我瞎了……這一定是我今天的工作方式不對。
樓上的,自信點,你還在做夢呢,我也在做夢。
我現在嚴重懷疑老板被奪舍了,或者那個叫沈梔的是個什么法力高強的女巫,給他下了蠱!
別說了,公關部已經炸了。我剛路過,聽見他們總監在里面咆哮:‘誰他媽告訴我這是怎么回事?!老板的公關稿,誰敢寫?!怎么寫?!寫他柔情似水還是寫他為愛癡狂?!’
哈哈哈哈哈哈哈哈哈哈哈哈哈哈哈哈!
我突然覺得,我們平時挨的罵,好像都是因為我們不是沈梔。
破案了。原來老板不是討厭我們,他只是討厭工作。
看著老板那個眼神,我哭了。他看沈梔的時候,眼里有光。他看我ppt的時候,眼里有刀。
今日金句誕生了。
整個駱氏集團,從高層到基層,陷入了一種前所未有的魔幻現實主義氛圍中。
無數員工頂著“認真工作”的表情,屏幕上開著excel表格,表格下面,卻是一個小小的直播窗口。

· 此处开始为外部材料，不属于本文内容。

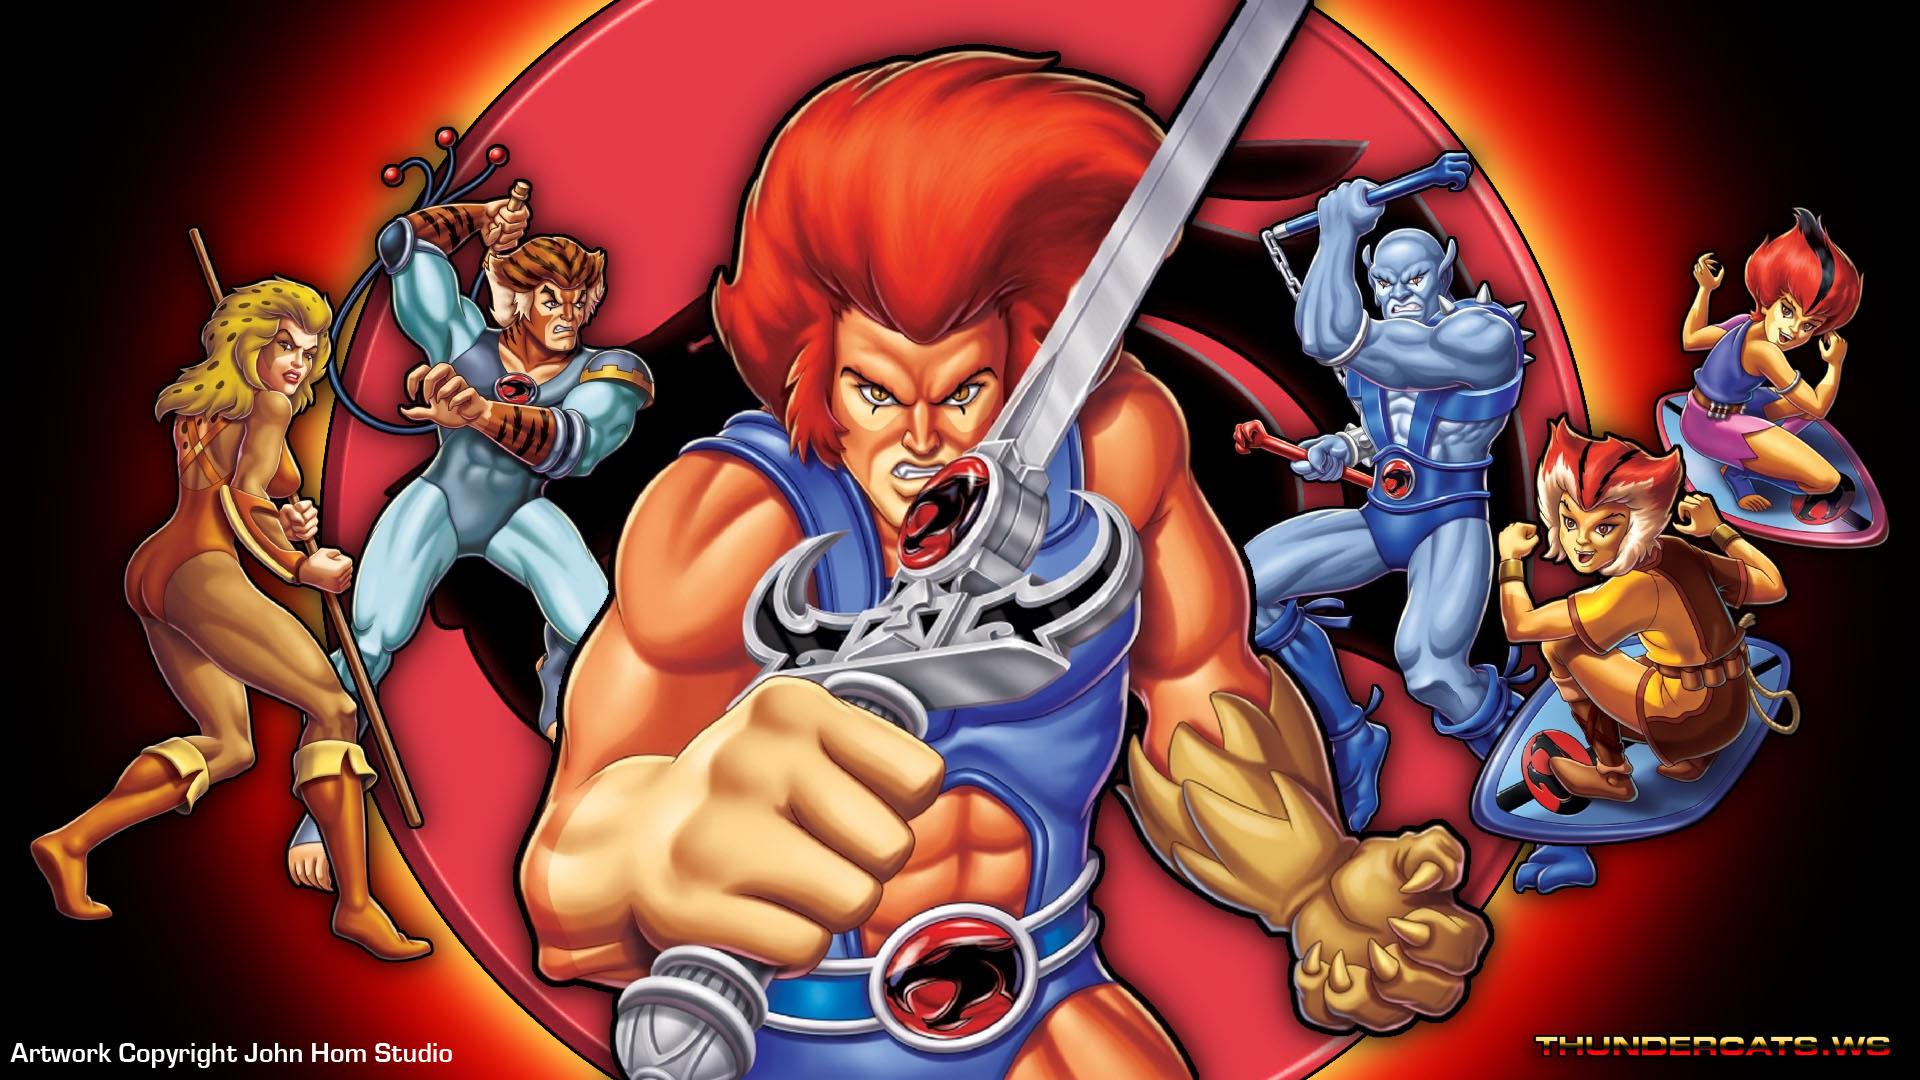 los thundercats caricaturas

他們看著那個在商場上殺伐果斷、冷酷無情的神,此刻正像個忠誠的守護騎士,守護著他懷里沉睡的公主。
……
保姆車內,空氣安靜而溫暖。
沈梔在一個輕柔的顛簸中悠悠轉醒,她迷糊地眨了眨眼,首先映入眼簾的,是駱州行輪廓分明的下頜線。
她還枕在他的腿上。
“醒了?”頭頂傳來男人低沉的嗓音,帶著一絲不易察覺的沙啞。
“嗯……”沈梔坐起身,揉了揉眼睛,身上蓋著的外套滑落下來。
她拿起外套,熟練地幫他穿上,“我們到哪了?”
“快到機場了。”駱州行整理了一下被她枕得有些褶皺的褲腿,動作自然得仿佛做過千百遍。
沈梔這才后知后覺地發現,車里安靜得過分。
她扭頭一看,導演張銘和幾個工作人員都縮在車子的另一角,一個個眼觀鼻鼻觀心,努力降低自己的存在感,連呼吸都小心翼翼的。
而車里那些原本對著他們的攝像頭,不知何時,已經悄悄地轉開了角度,對準了窗外的風景。
沈梔:“……”
她小聲湊到駱州行耳邊:“他們怎么了?”
駱州行瞥了一眼那群鵪鶉似的節目組,淡淡地吐出兩個字:“怕我。”
沈梔沒忍住,笑出了聲。
她當然知道他們怕他。
可看著一群人高馬大的壯漢,被自家男朋友的氣場壓制得像一群受驚的小雞,這畫面實在有些好笑。
她重新湊近那個最近的鏡頭,對著它揮了揮手。
直播間里,原本正在欣賞“a市高速公路風光紀錄片”的觀眾們,瞬間激動了。
啊啊啊梔梔醒了!老婆貼貼!
姐夫終于舍得把鏡頭還給我們了,我剛才真以為我點錯進了什么旅游頻道!
哈哈哈哈節目組求生欲拉滿了,鏡頭都不敢對著拍!
張導:不敢拍不敢拍,怕被老板扣工資(雖然他不是我老板)。
沈梔看著彈幕,彎著眼睛笑:“不好意思呀,昨晚沒睡好,不小心睡著了。我們快到機場啦,第一站的旅行馬上就要開始咯。”
嘻嘻能不能詳細說說為什么沒睡好……
她話音剛落,車子緩緩停下。
機場vip通道外,節目組的另一部分工作人員早已等候在此。
車門打開,駱州行率先下車,然后轉身,極其自然地向車內的沈梔伸出手。
沈梔笑著將自己的手放進他的掌心,被他穩穩地牽了下來。
陽光下,男人身形挺拔,神情一如既往的冷淡,唯有在看向身邊女孩時,眸光才會融化。
而女孩巧笑嫣然,依賴地跟在他身側。
兩人站在一起,美好得像一幅畫。